Literal Tour Grandes Éxitos or simply Literal Tour is the world tour by the dominican artist Juan Luis Guerra to support his 14th studio Literal. The tour kick off on June 21, 2019 in Valencia, Spain and ended in Orlando, Florida on October 27, 2019. The tour visited seven cities in the United States.

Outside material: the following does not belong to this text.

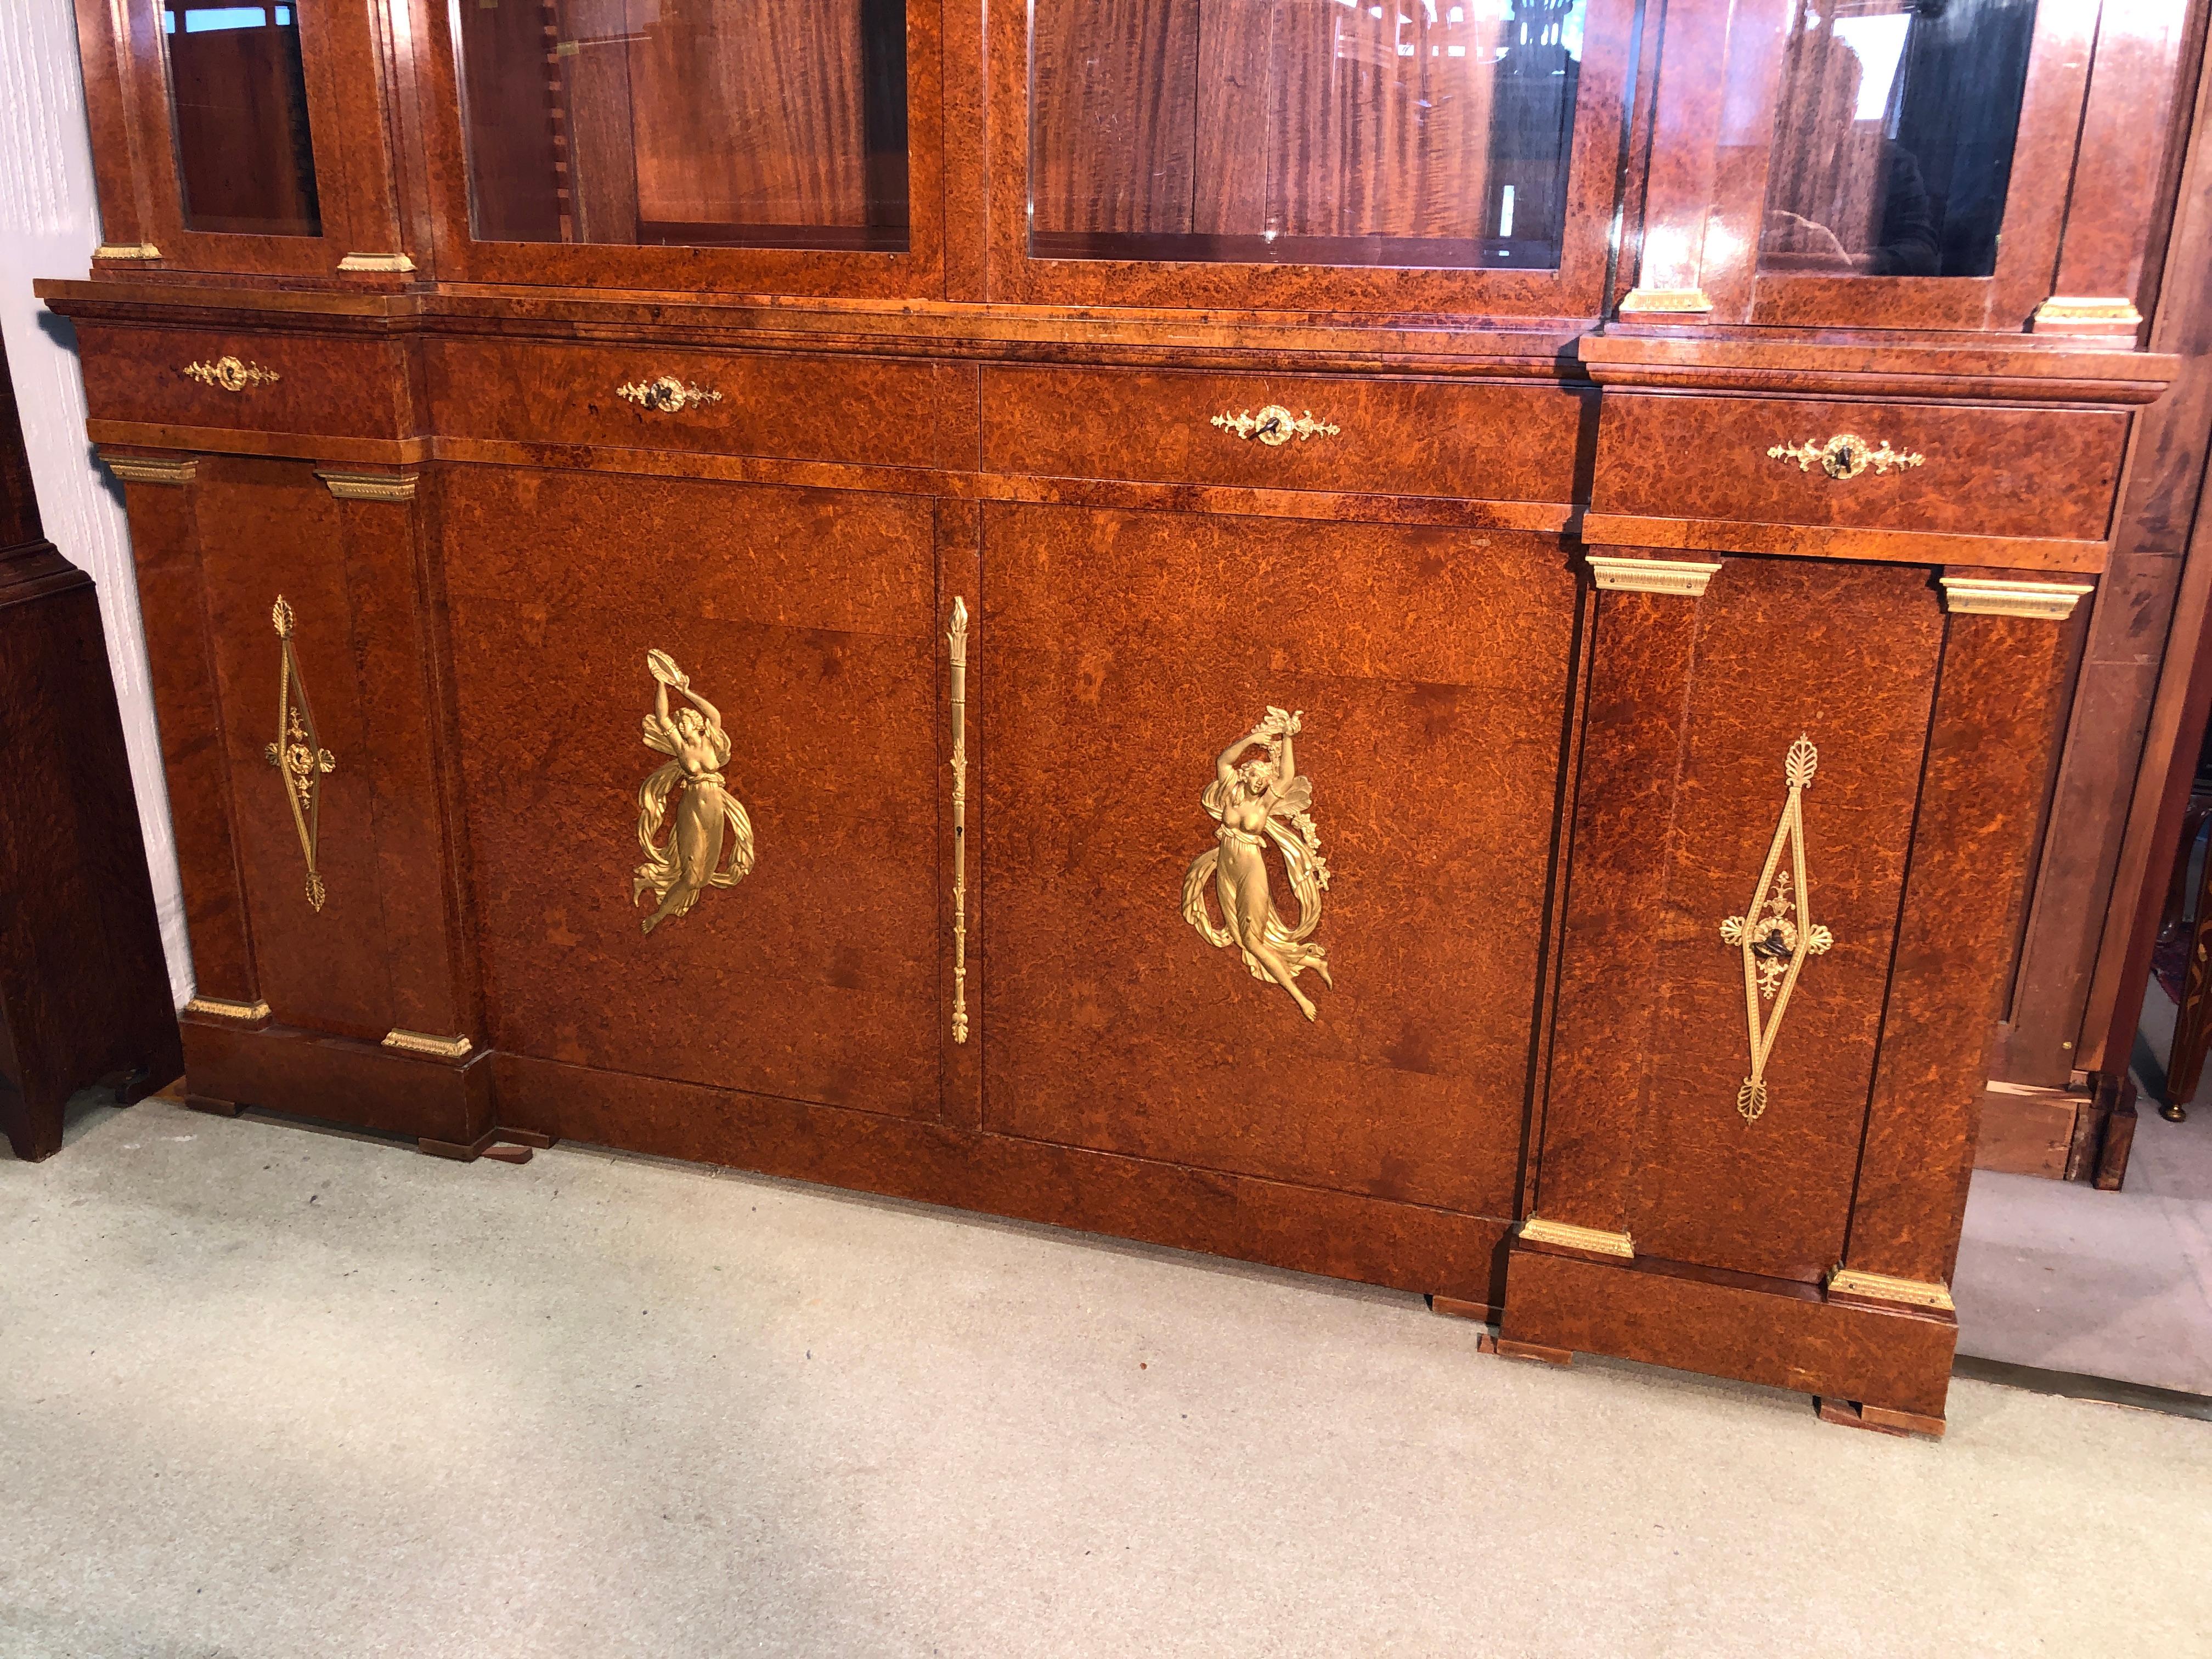 French cabinet in amboyna wood of the late 19th century, of great quality. Original gilt bronzes of excellent workmanship, in excellent condition, to be restored. Empire style. Unique, fantastic.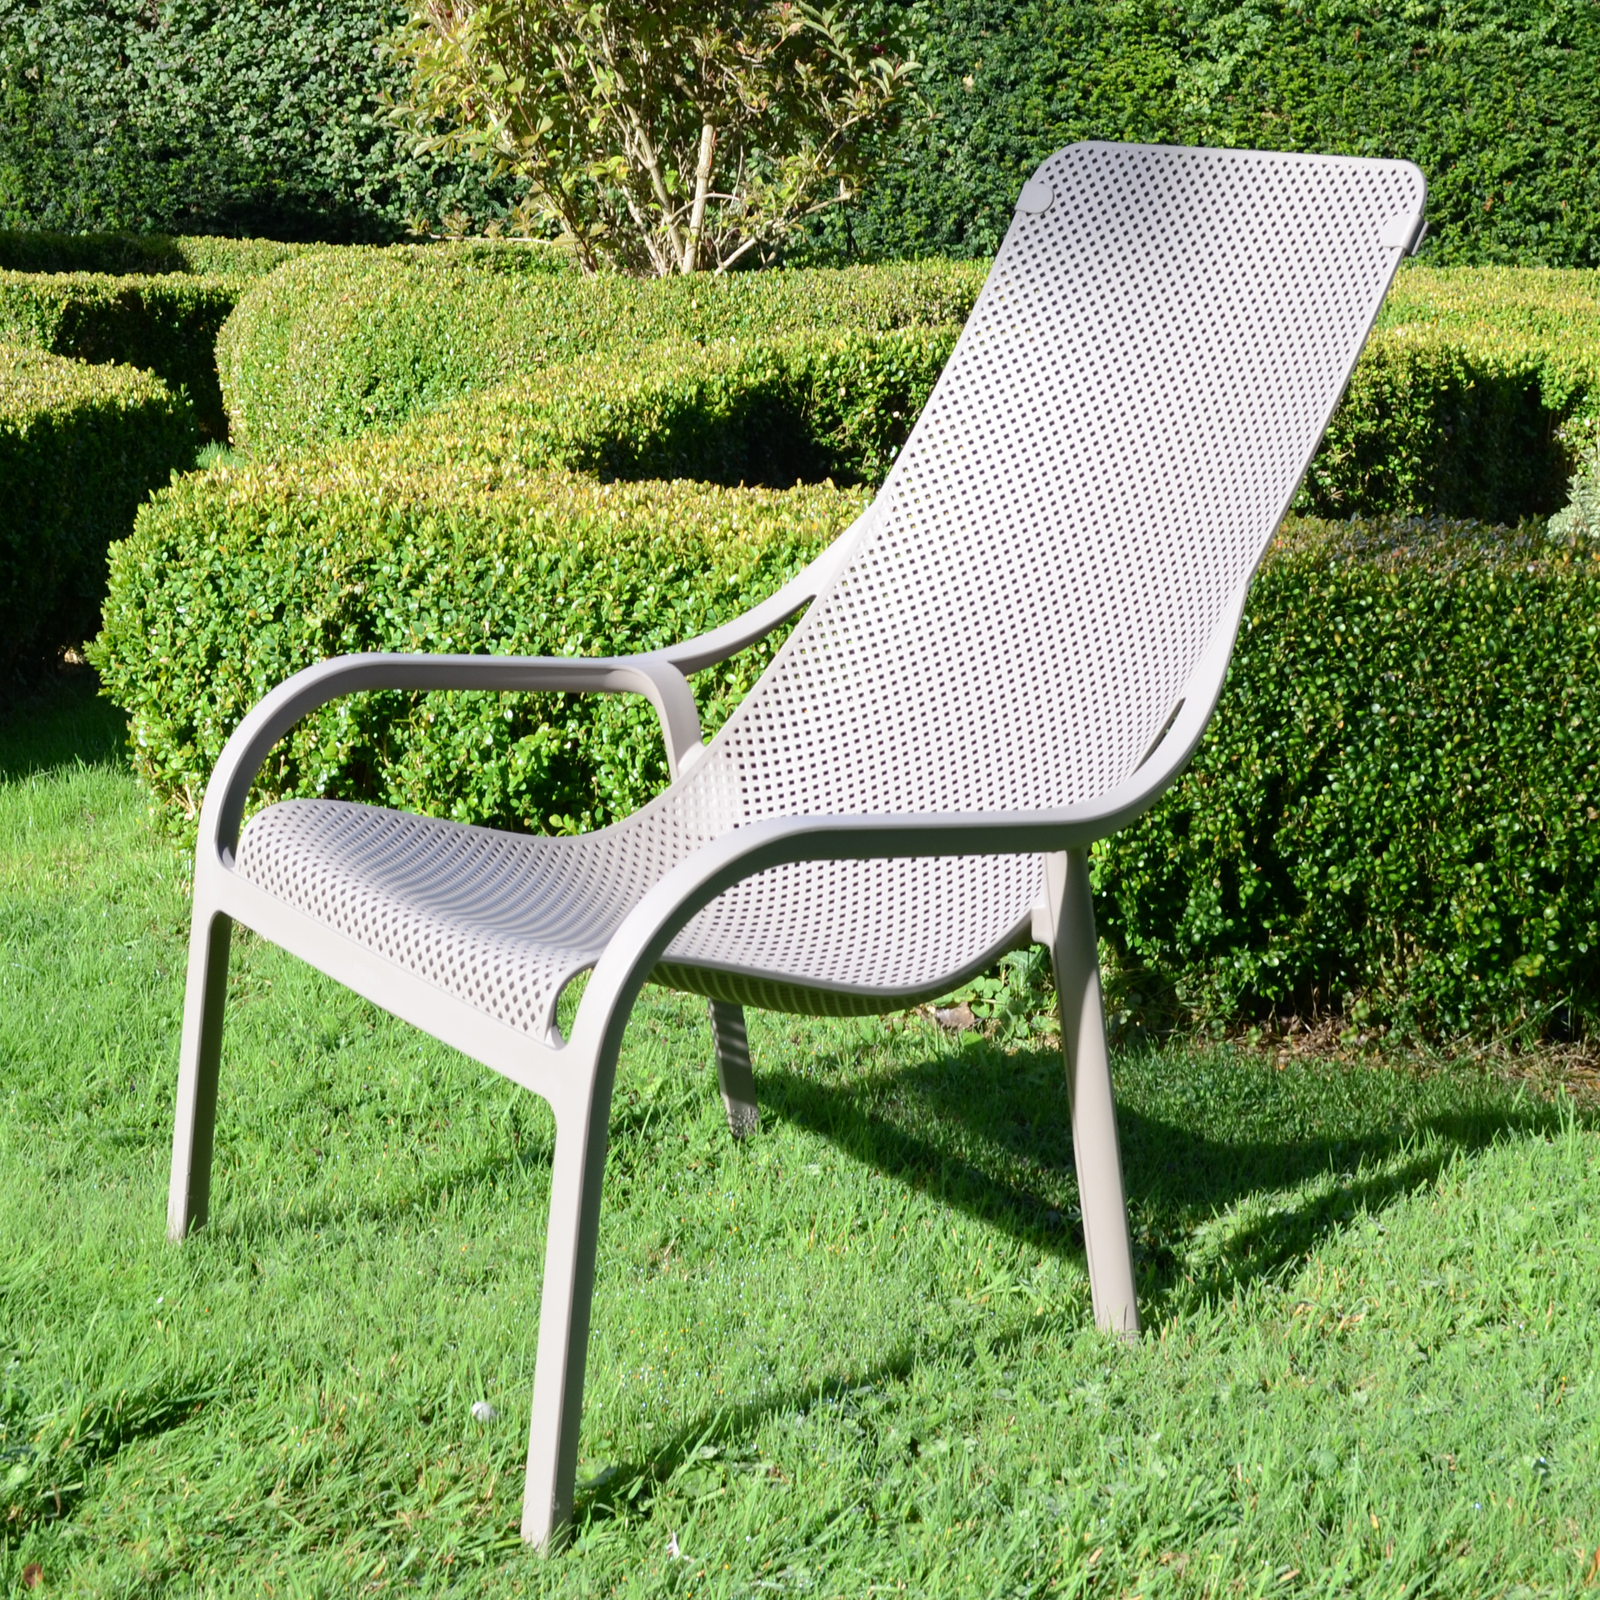 Nardi Net Lounge Garden Chair in Turtle Dove Grey (Pack of 2) Chairs Nardi Default Title

The tour was planned to continue in 2020, however, it was cancelled due the COVID-19 pandemic.

Overview 
Tommy Calle from Los Angeles Times, gave a positive review to the concert in Los Angeles and wrote "The Dominican singer set up the party at Microsoft with his merengue, salsa and bachata classics before a heterogeneous audience that put aside reggaeton and regional". Also, he stated that the attendance was 7,000. In the same way, Marcos Torres from Houston Press, praised the concert at the city and title his review "Juan Luis Guerra Turns Smart Financial Centre into a Tropical Dance Party". Also, it was his first time ever performing at venue and the city.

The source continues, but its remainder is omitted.